Deraglia un altro treno in Spagna: un morto e almeno 20 Feriti. La Spagna è scossa da un’altra tragedia ferroviaria che arriva a sole 48 ore dal devastante incidente avvenuto in Andalusia, dove due treni ad alta velocità si sono scontrati causando almeno 41 morti e oltre 150 feriti. Questa volta l’incidente si è verificato in Catalogna, sulla linea regionale R4 tra Gelida e Sant Sadurní d’Anoia (provincia di Barcellona), quando un treno locale Rodalies (gestito da Renfe) si è schiantato contro un muro di contenimento crollato sui binari.

L’incidente è avvenuto intorno alle 21:02 al chilometro 64 della linea. Secondo le prime ricostruzioni riportate da media spagnoli come La Vanguardia, El País e La Repubblica, il crollo del muro – probabilmente provocato dalle forti piogge che hanno colpito la regione negli ultimi giorni – ha ostruito i binari, causando l’impatto frontale del convoglio. Il macchinista è deceduto sul colpo, rimasto intrappolato nella cabina di guida.
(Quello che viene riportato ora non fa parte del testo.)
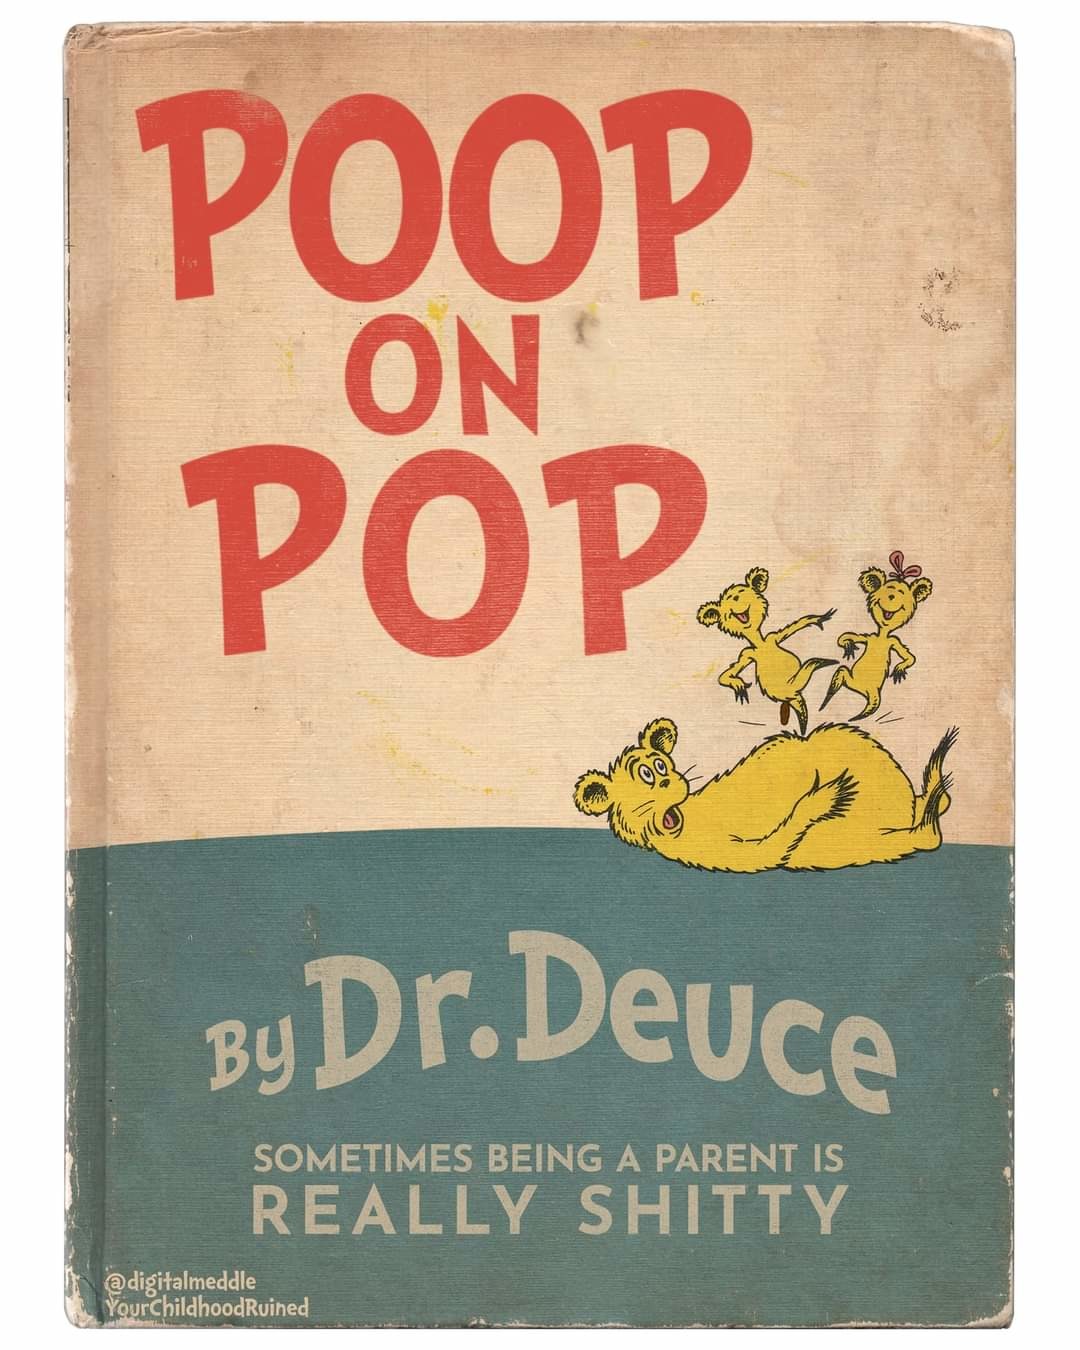 Poop on pop - meme

Il bilancio provvisorio parla di almeno 20 feriti, di cui 5 in gravi condizioni (alcune fonti parlano di fino a 35-40 persone coinvolte con 4-5 gravi). Sul posto sono intervenute 11 unità del Sistema di Emergenza Sanitaria (SEM) insieme ai Vigili del Fuoco. Tre membri del governo catalano si sono precipitati immediatamente sulla scena per seguire le operazioni di soccorso.
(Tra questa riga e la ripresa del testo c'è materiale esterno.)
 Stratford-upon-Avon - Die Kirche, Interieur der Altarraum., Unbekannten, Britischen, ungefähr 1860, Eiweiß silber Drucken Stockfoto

La linea R4 è stata immediatamente sospesa, con gravi disagi per i pendolari della zona metropolitana di Barcellona. Parallelamente, un altro treno sulla linea R1 (tra Blanes e Maçanet de la Selva, provincia di Girona) è deragliato nella stessa serata, fortunatamente senza feriti.
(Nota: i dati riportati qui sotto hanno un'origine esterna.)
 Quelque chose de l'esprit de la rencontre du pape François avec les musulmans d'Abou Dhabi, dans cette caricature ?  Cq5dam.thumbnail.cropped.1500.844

Le Cause: Maltempo e Vulnerabilità delle Infrastrutture?

Le autorità puntano il dito sulle condizioni meteorologiche estreme degli ultimi giorni in Catalogna, con piogge torrenziali che potrebbero aver indebolito le strutture di contenimento lungo le linee ferroviarie. Questo incidente solleva interrogativi sulla manutenzione e sulla resilienza delle infrastrutture ferroviarie spagnole, già sotto accusa dopo la catastrofe di Adamuz (Cordova), dove un giunto rotto sui binari è tra le piste principali investigate.

Il disastro andaluso, avvenuto domenica 18 gennaio 2026, ha coinvolto un treno Iryo (Malaga-Madrid) e un convoglio Renfe in direzione opposta, con deragliamenti multipli e un bilancio che ha portato il governo spagnolo a proclamare tre giorni di lutto nazionale. Re Felipe VI e la regina Letizia hanno visitato il sito, mentre il premier Pedro Sánchez ha promesso massima trasparenza sulle indagini.

Conseguenze Immediate e Preoccupazioni per la Sicurezza Ferroviaria

Questi due episodi ravvicinati mettono in luce potenziali problemi sistemici sulla rete ferroviaria iberica:

  • Riduzione temporanea della velocità su tratti ad alta velocità (fino a 160 km/h su alcuni segmenti Madrid-Barcellona).
  • Ispezioni accelerate su infrastrutture esposte a maltempo.
  • Dibattito sulla transizione della gestione Rodalies alla società mista Stato-Generalitat de Catalunya.

La Spagna, con una delle reti ad alta velocità più estese d’Europa, si trova ora a fare i conti con una crisi di fiducia. Le autorità hanno attivato servizi alternativi (autobus) per i pendolari della R4, ma il ritorno alla normalità potrebbe richiedere giorni.

Restiamo in attesa di aggiornamenti ufficiali sulle cause esatte e sul bilancio definitivo delle vittime. La sicurezza sui binari spagnoli è tornata al centro del dibattito nazionale.